How to fix phenotype information when converting from VCF to PLINK
10 weeks ago
Diego • 0

I have a series of VCF files (one for each chromosome) that have an incorrect values for the phenotype (all samples have the value "-9"). I have read on other questions that the make-pheno or pheno flags can be used to add phenotype information when creating the PLINK format files. But I am unsure if thsis would work correctly since the VCF files "incorrectly" already provide that information.
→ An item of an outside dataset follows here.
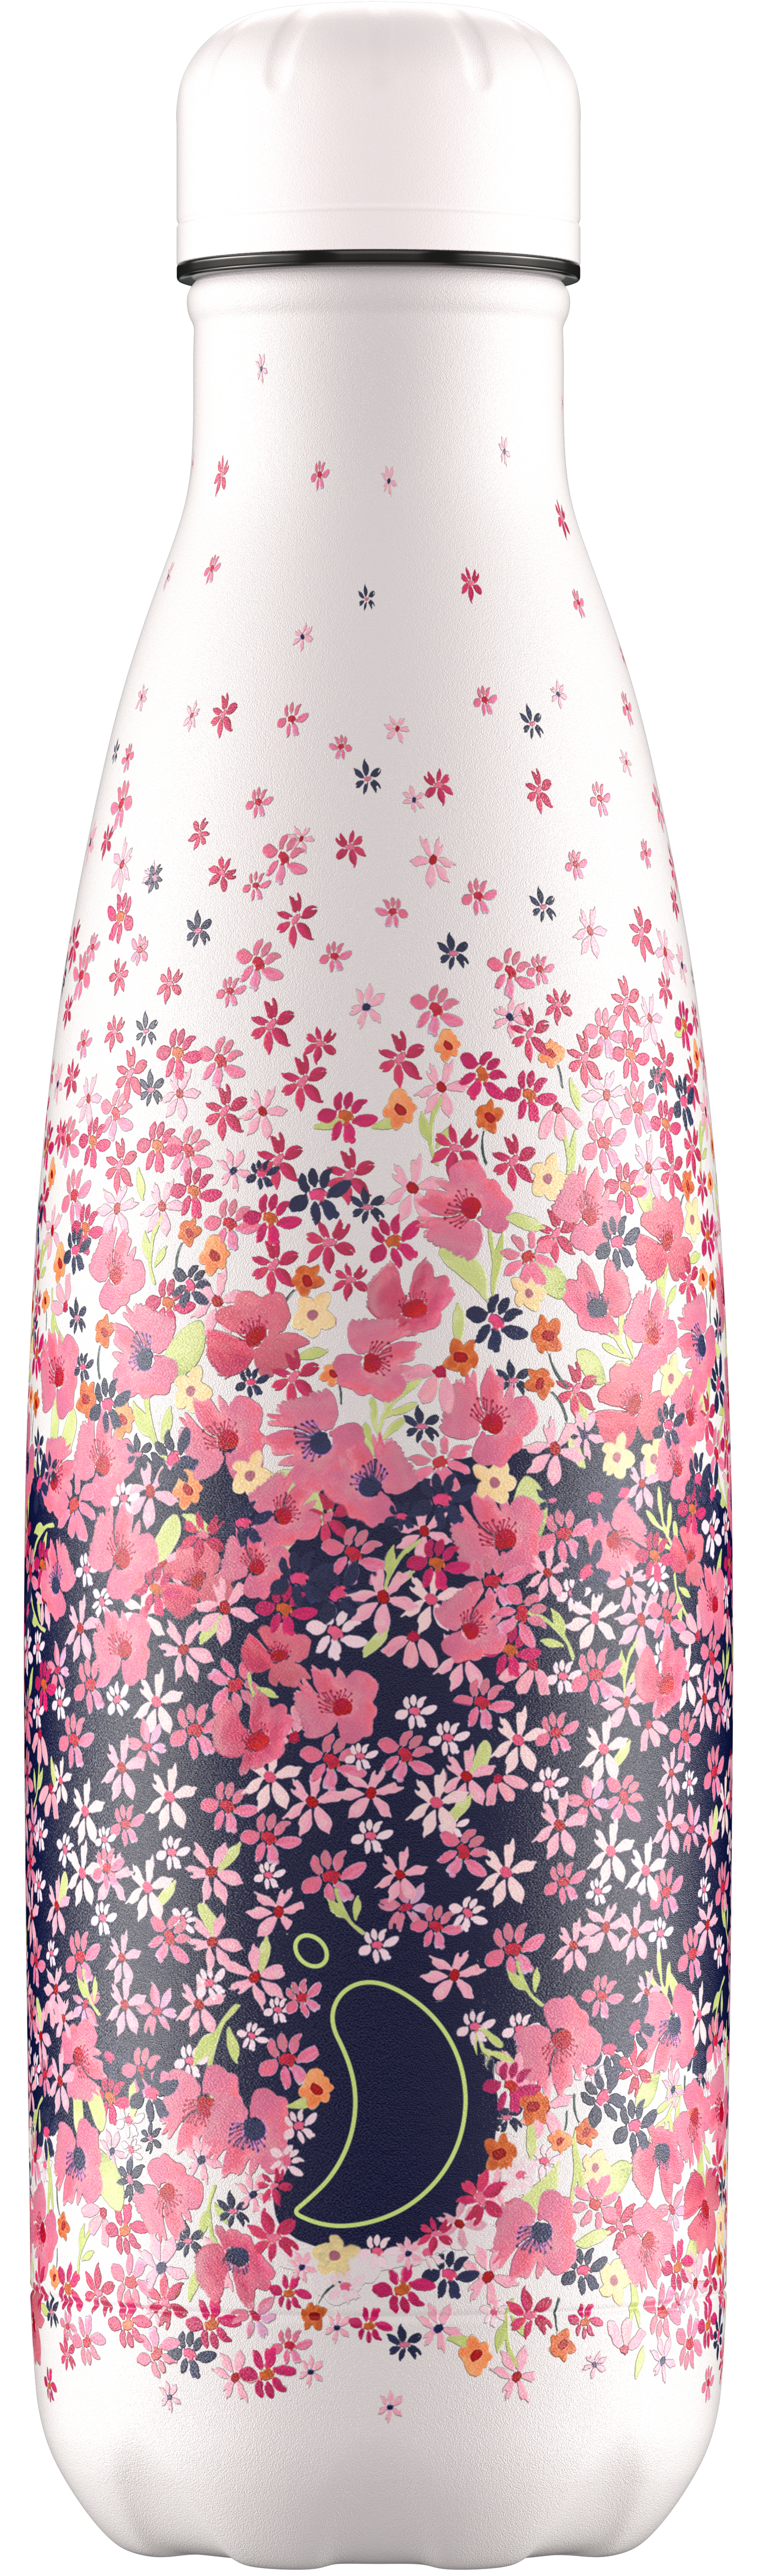 chilly's floral edition ombre ditsy blossom pattern

plink -- bfile file --make-pheno phenotype_file.phe --make_bed --out out_file

Would this work right even if the VCF files contain the PHENO column? Also how can I generate the phenotype file? Can it be done in a program like Excel and then exported to csv, and then somehow converted to .phe format?

Any help is appreciated!

9 weeks ago
Diego • 0

I figured it out, for anyone who might be trying something similar: the make-pheno flag allows to add/fix the phenotype information if there is a problem with it. Instead of a phe file format, a tab separated .txt file works fine. The file should contain 3 columns FID, IID and PHENO (without headers). So for many cases the first two columns contain the exact same ids and then the 3rd column has the phenotype. The phenotype can be a string (eg. 'POS' and 'NEG') , you just need to define the positive case in the command, just as follows:

plink --vcf file.vcf --make-pheno phenotype_file.txt POS --make_bed --out out_file

To make the phenotype.txt file excel works great!